DATASET EXTRACT:
++++++
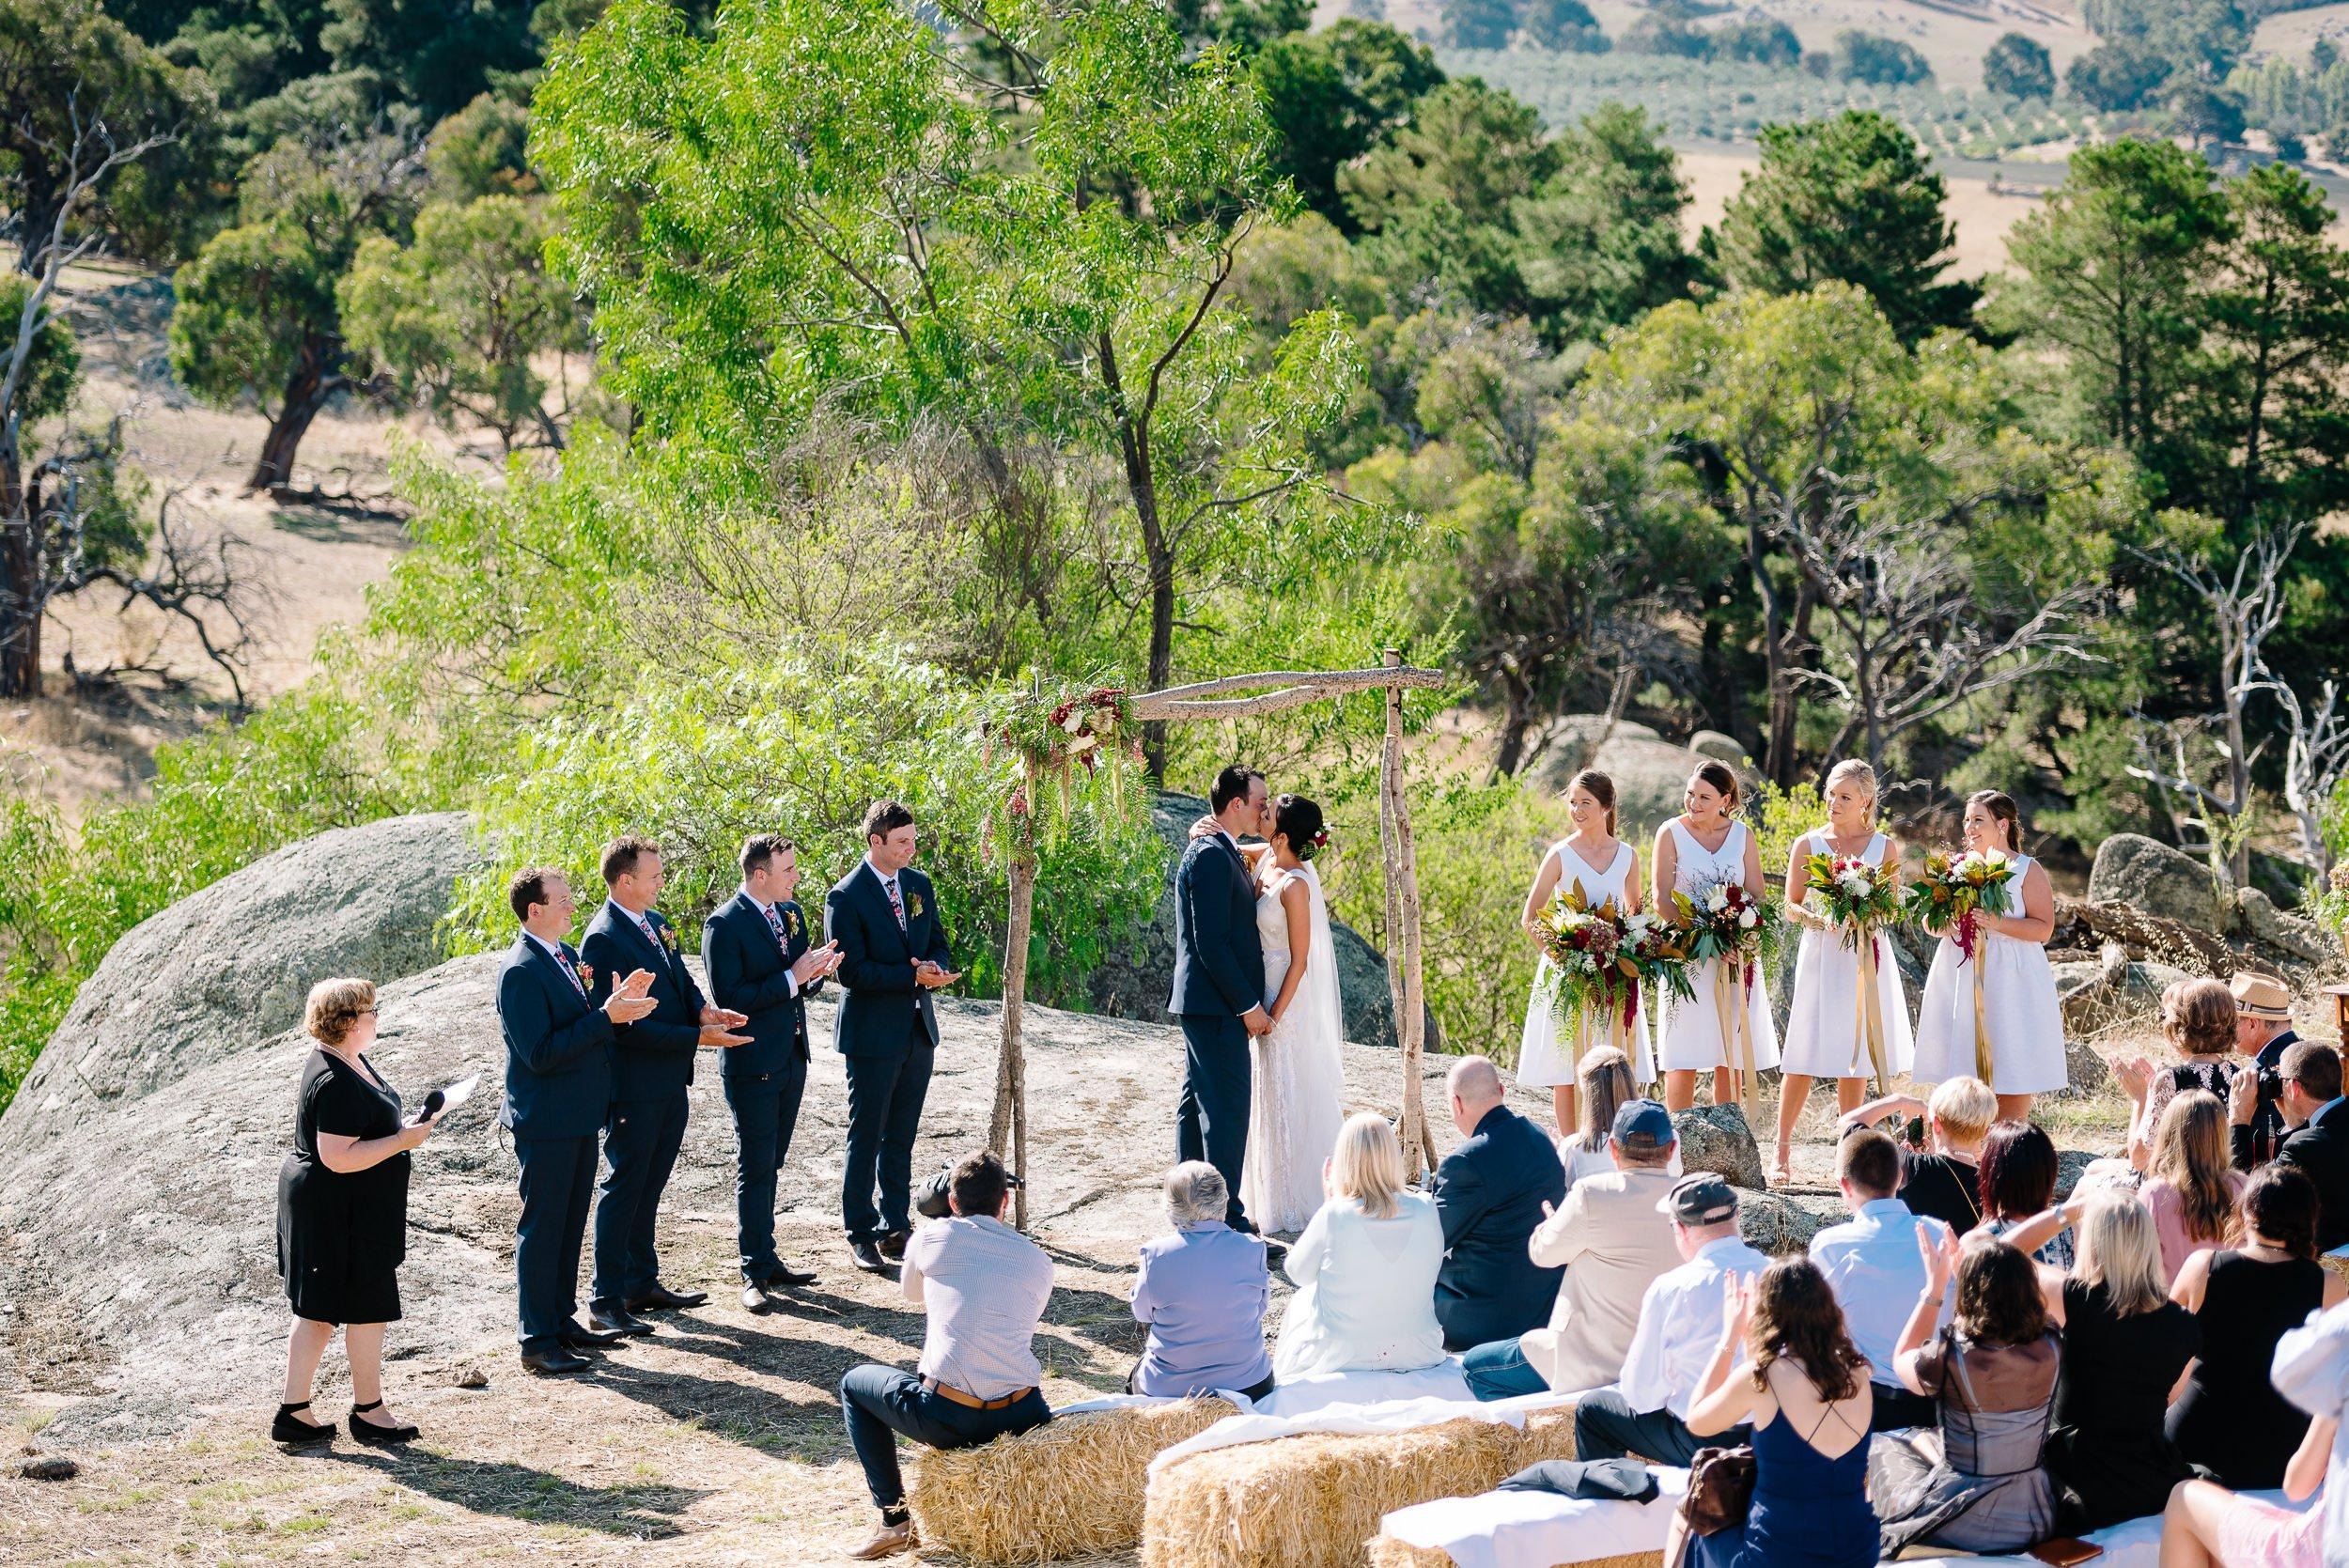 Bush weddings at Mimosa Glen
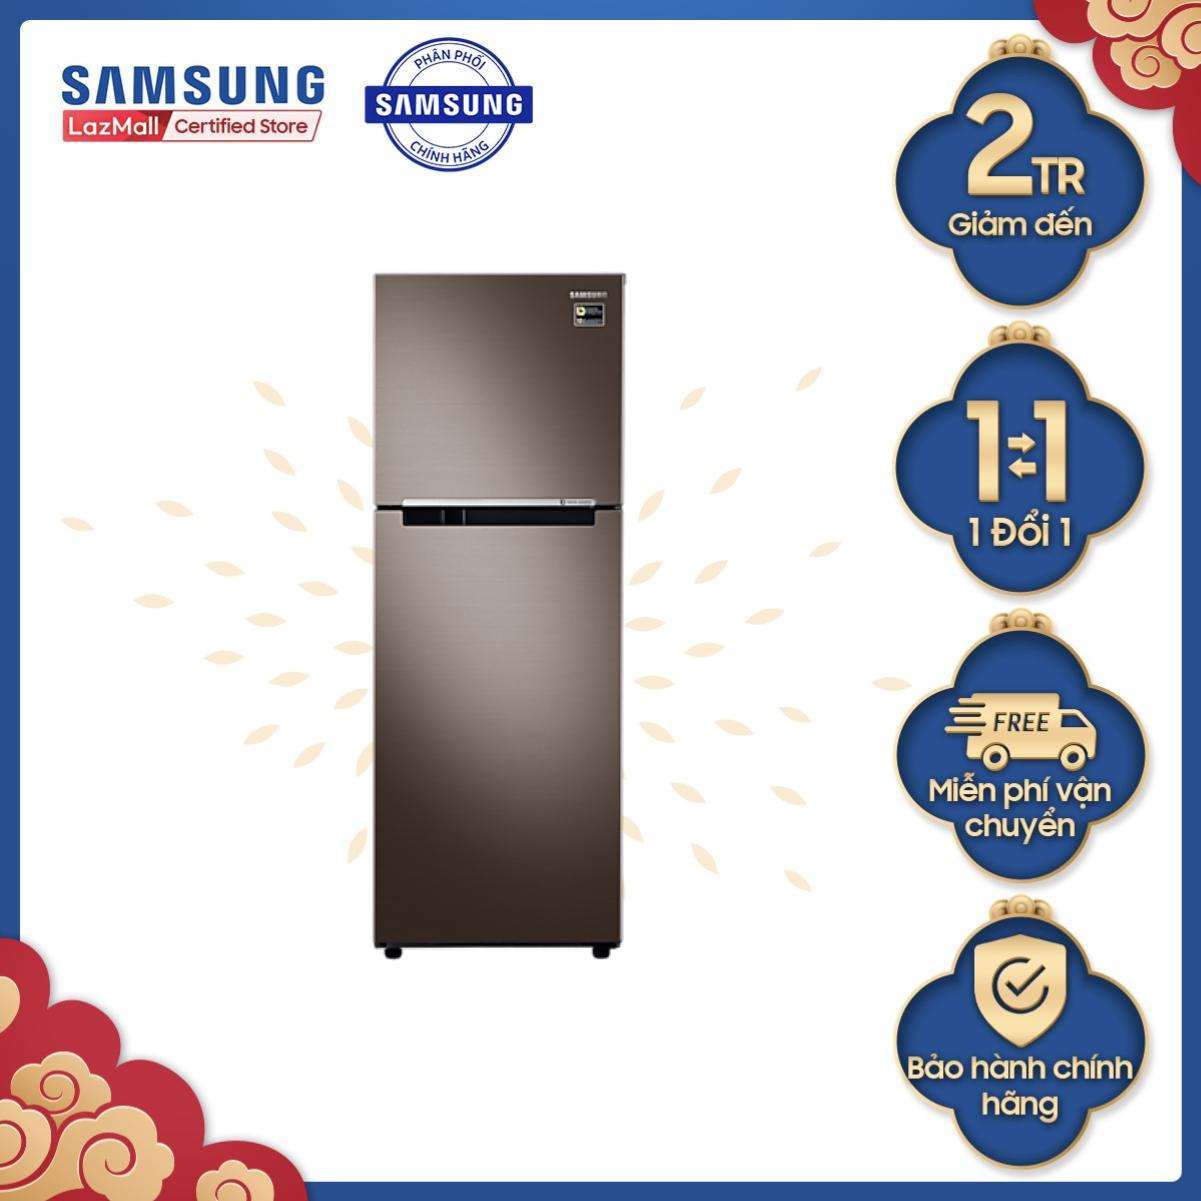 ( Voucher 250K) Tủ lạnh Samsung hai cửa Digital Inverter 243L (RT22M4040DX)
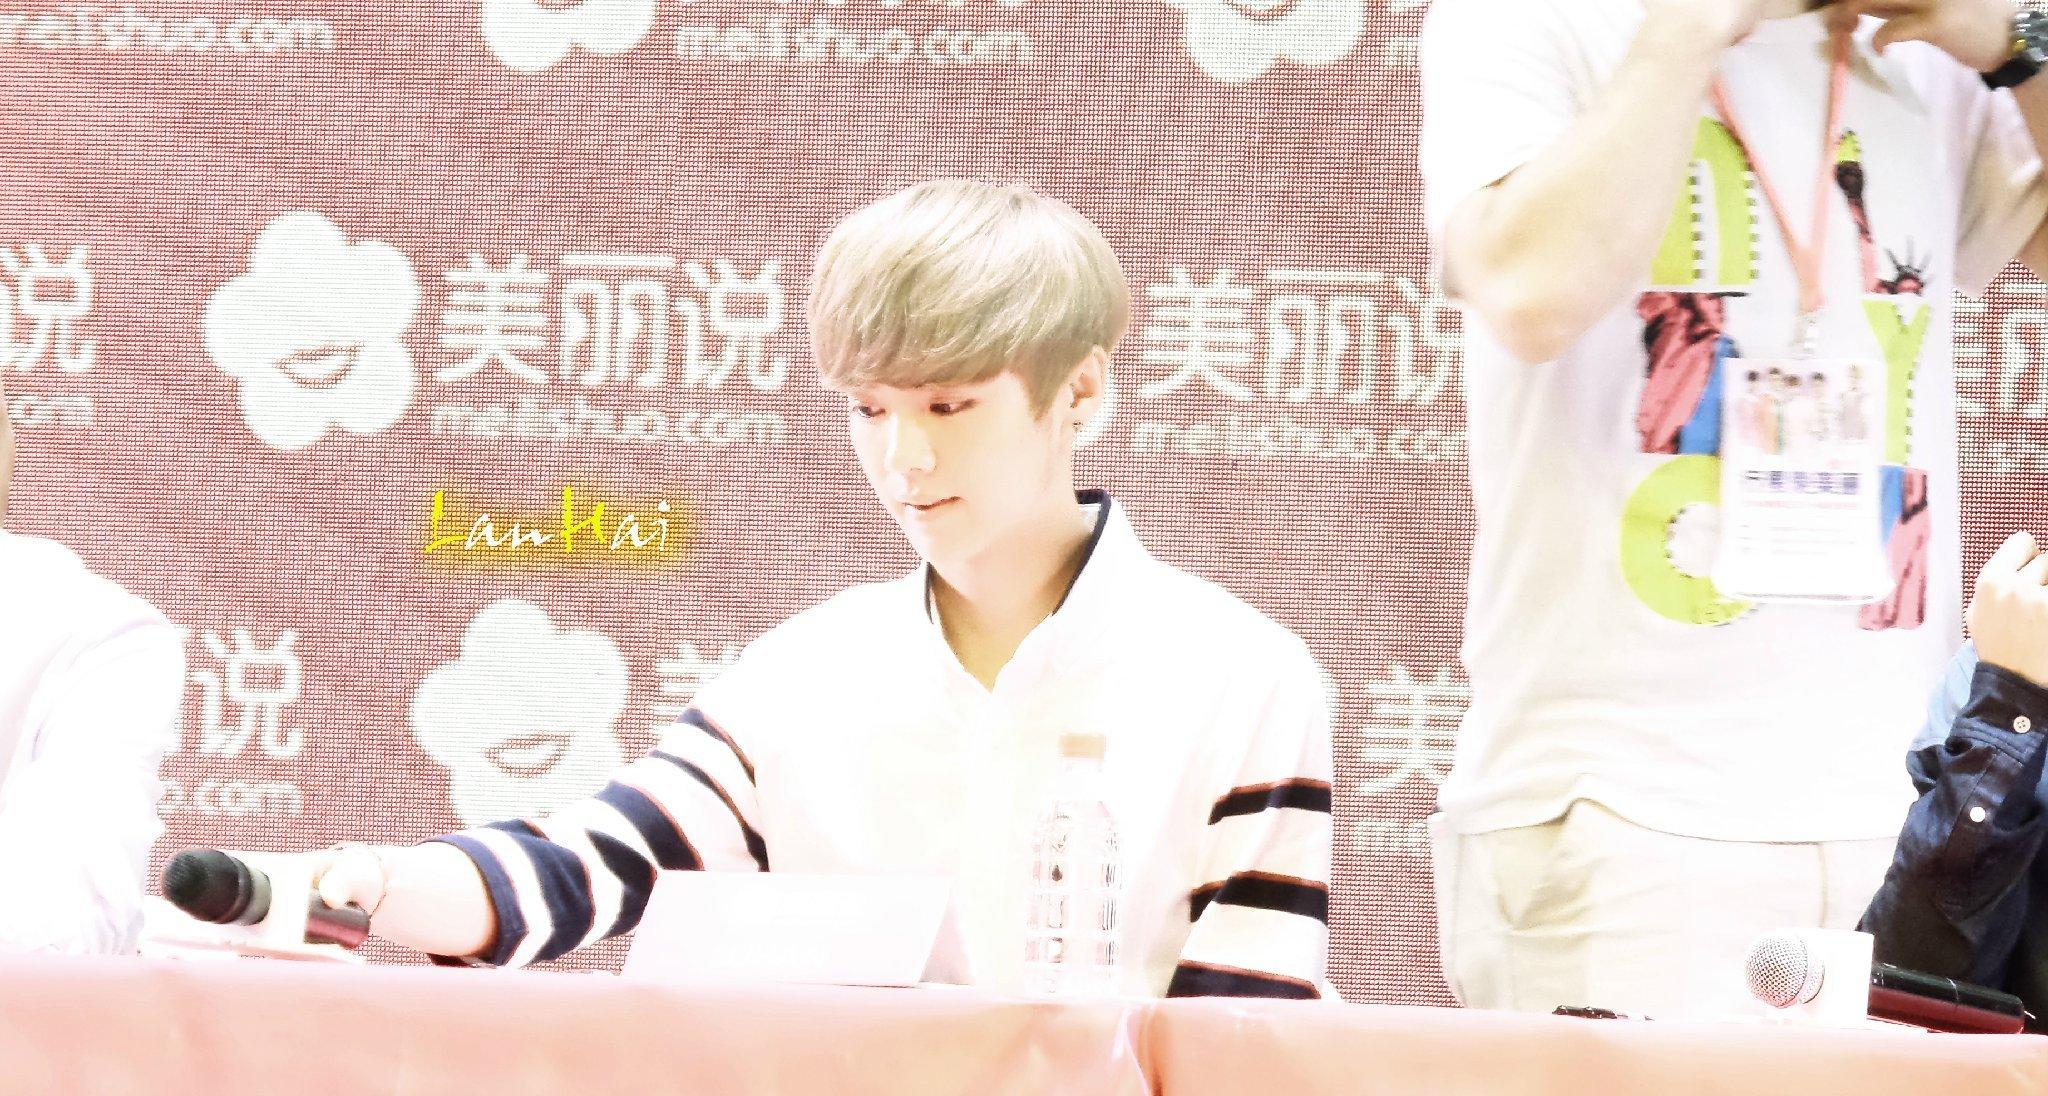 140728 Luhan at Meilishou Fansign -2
++++++
EXERCISE:
Your response must reproduce the listing above word for word and must contain none of its pictures.

YOUR RESPONSE:
 Bush weddings at Mimosa Glen
 ( Voucher 250K) Tủ lạnh Samsung hai cửa Digital Inverter 243L (RT22M4040DX)
 140728 Luhan at Meilishou Fansign -2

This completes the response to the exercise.